CARES Act Includes Credit Losses and Troubled Debt Restructuring Relief

This article was updated April 3, 2020, with additional information from the SEC.

The Coronavirus Aid, Relief, and Economic Security (CARES) Act, a stimulus package designed in response to the COVID-19 economic disruption, was signed into law on March 27, 2020.

The CARES Act includes provisions that temporarily delay the required implementation date of Financial Accounting Standards Board (FASB) ASC Topic 326, Financial Instruments—Credit Losses (CECL), and suspend the requirements related to accounting for a troubled debt restructuring (TDR), for certain entities.

The suspension of these standards represents extraordinary direct involvement of the US government in accounting standards setting—a responsibility generally held by the FASB as overseen by the Securities and Exchange Commission (SEC).

Key Provisions

Temporary and Optional Delay of CECL

Section 4014 of the CARES Act stipulates that no insured depository institution, bank holding company, or affiliate will be required to comply with FASB Accounting Standards Update (ASU) 2016-13, Measurement of Credit Losses on Financial Institutions, beginning on the date of the enactment (March 27, 2020), until the earlier of the following dates:

  • The date on which the national emergency related to the COVID-19 outbreak is terminated
  • December 31, 2020

The scope of Section 4014 is narrow and applies to entities that are “insured depository institutions,” as defined in the CARES Act.
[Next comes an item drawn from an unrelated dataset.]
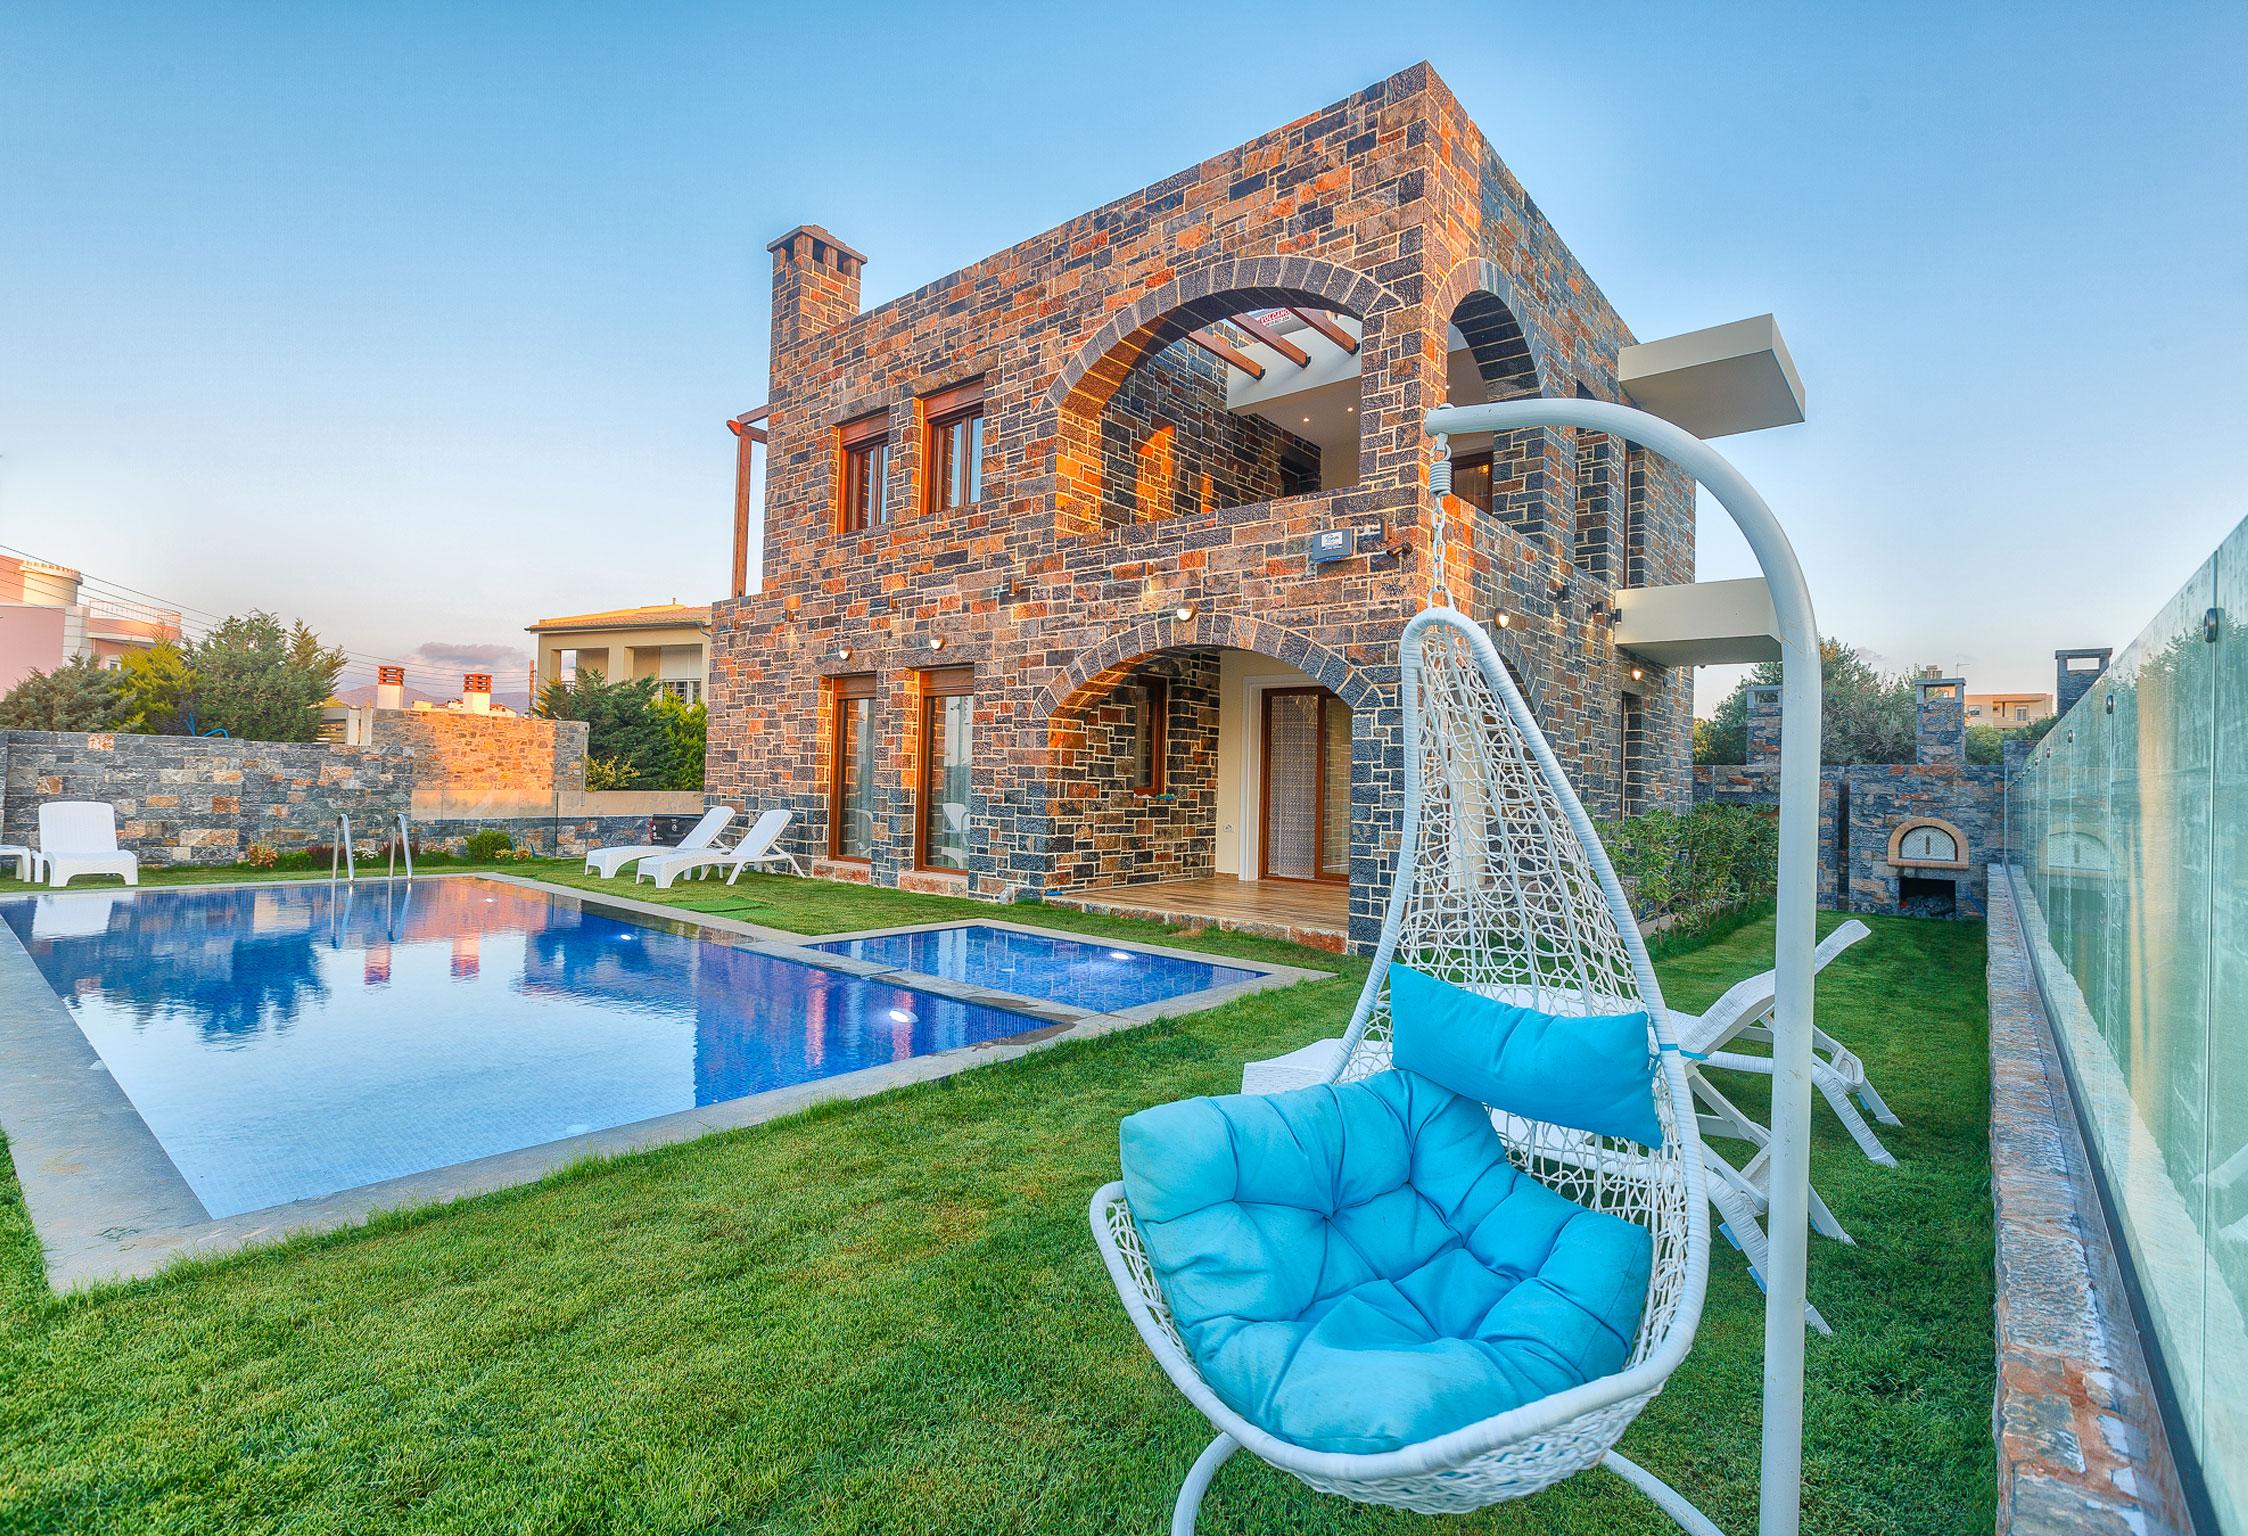 Crete Villa Genesis II jumbotron image

Entities that don’t meet this definition are required to apply ASU 2016-13 based on the applicable effective dates.

Suspension of TDR Guidance

Section 4013 of the CARES Act stipulates that a financial institution may elect to not apply GAAP requirements to loan modifications related to the COVID-19 pandemic that would otherwise be categorized as a TDR, and suspends the determination of loan modifications related to the COVID-19 pandemic from being treated as TDRs.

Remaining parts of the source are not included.